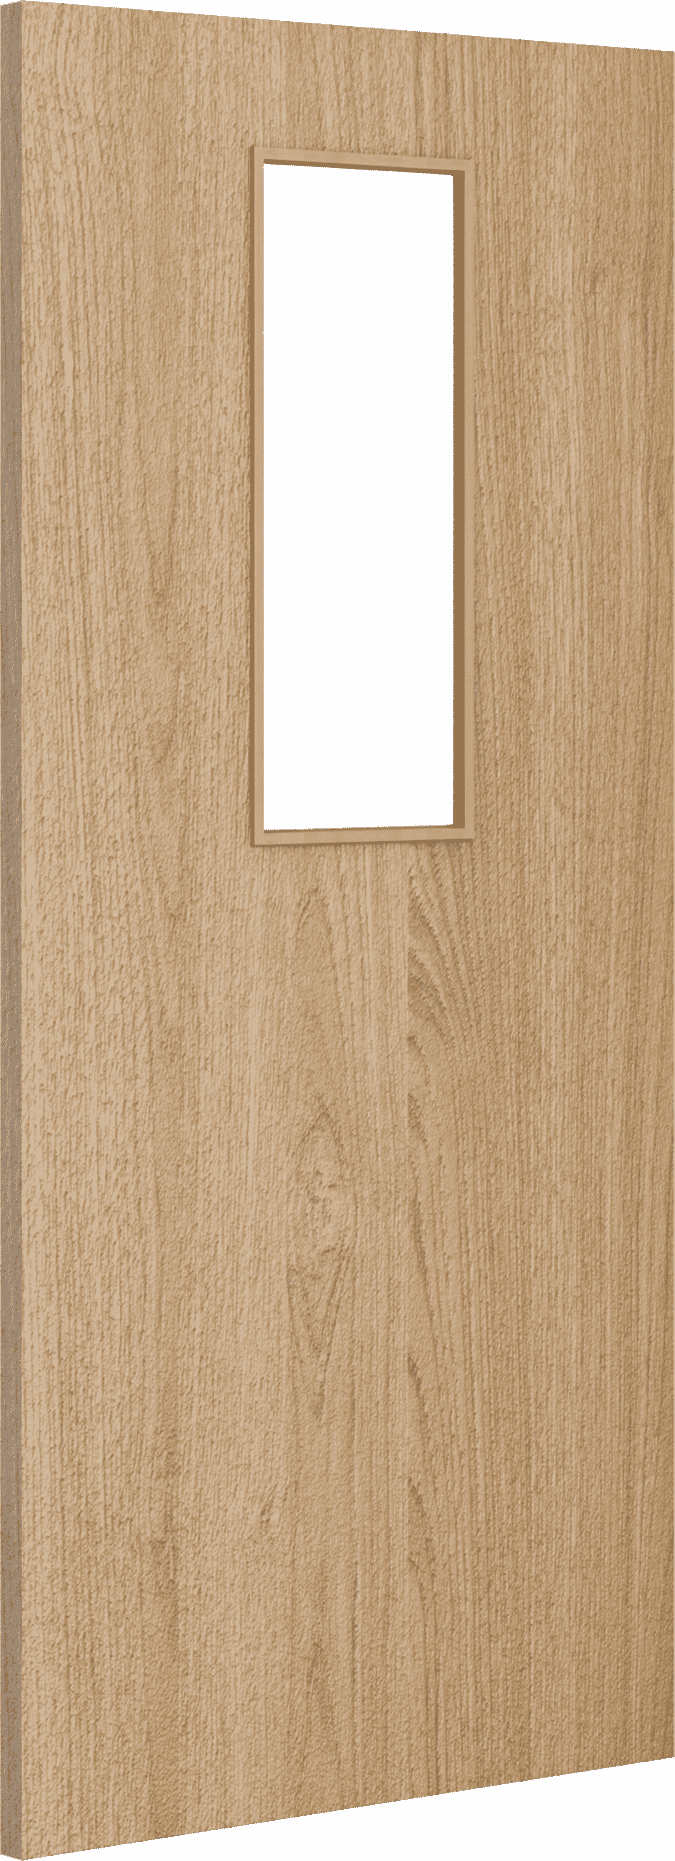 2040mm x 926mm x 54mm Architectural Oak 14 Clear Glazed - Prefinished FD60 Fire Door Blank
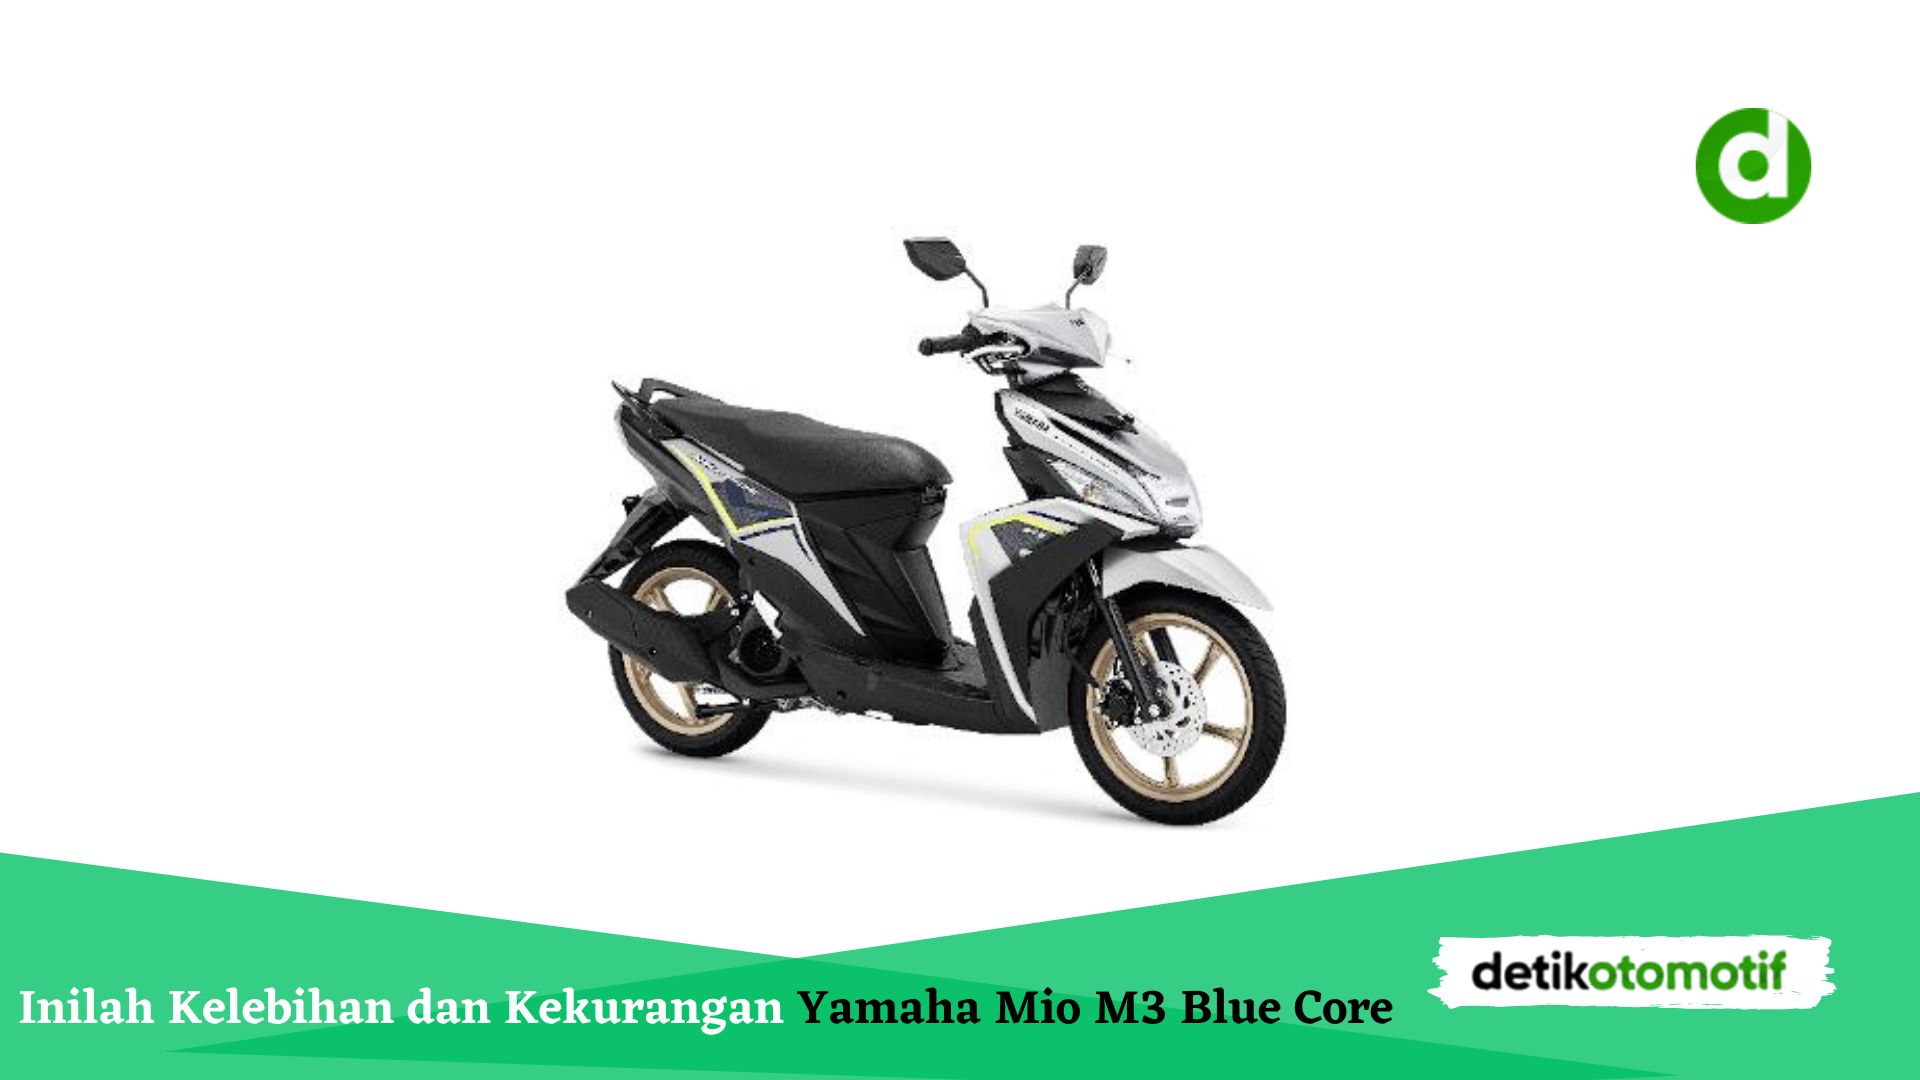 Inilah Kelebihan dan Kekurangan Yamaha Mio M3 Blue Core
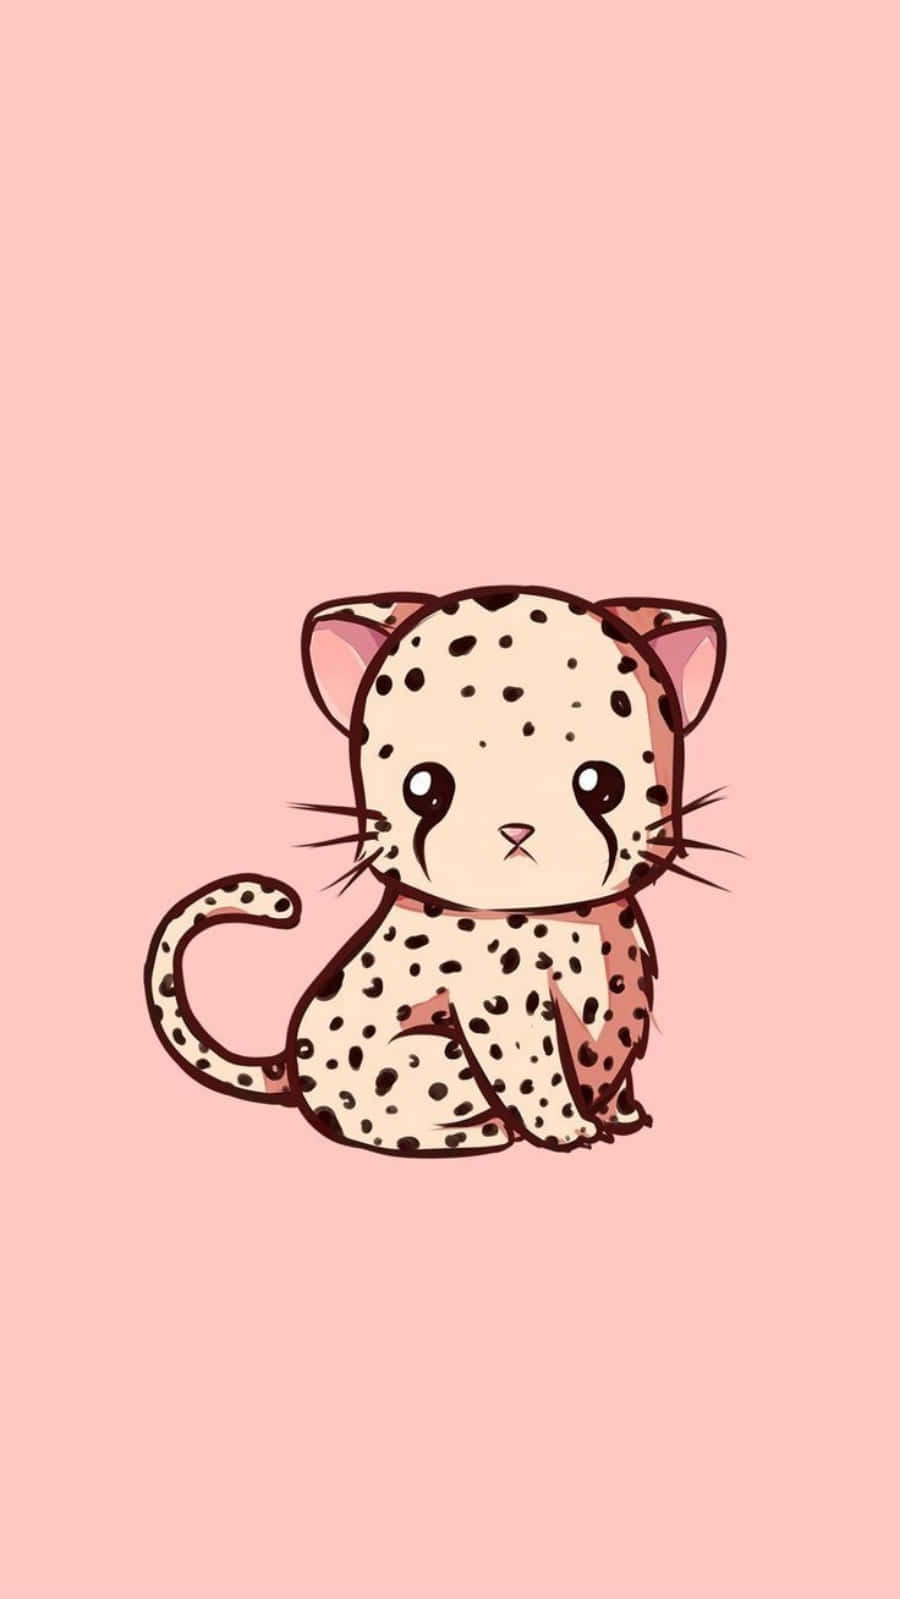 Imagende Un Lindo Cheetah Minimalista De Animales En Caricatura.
****
Description of the task | Could the lines above be copied out exactly, with no image carried over?

Output for this task |
 2040mm x 926mm x 54mm Architectural Oak 14 Clear Glazed - Prefinished FD60 Fire Door Blank
 Inilah Kelebihan dan Kekurangan Yamaha Mio M3 Blue Core
 Imagende Un Lindo Cheetah Minimalista De Animales En Caricatura.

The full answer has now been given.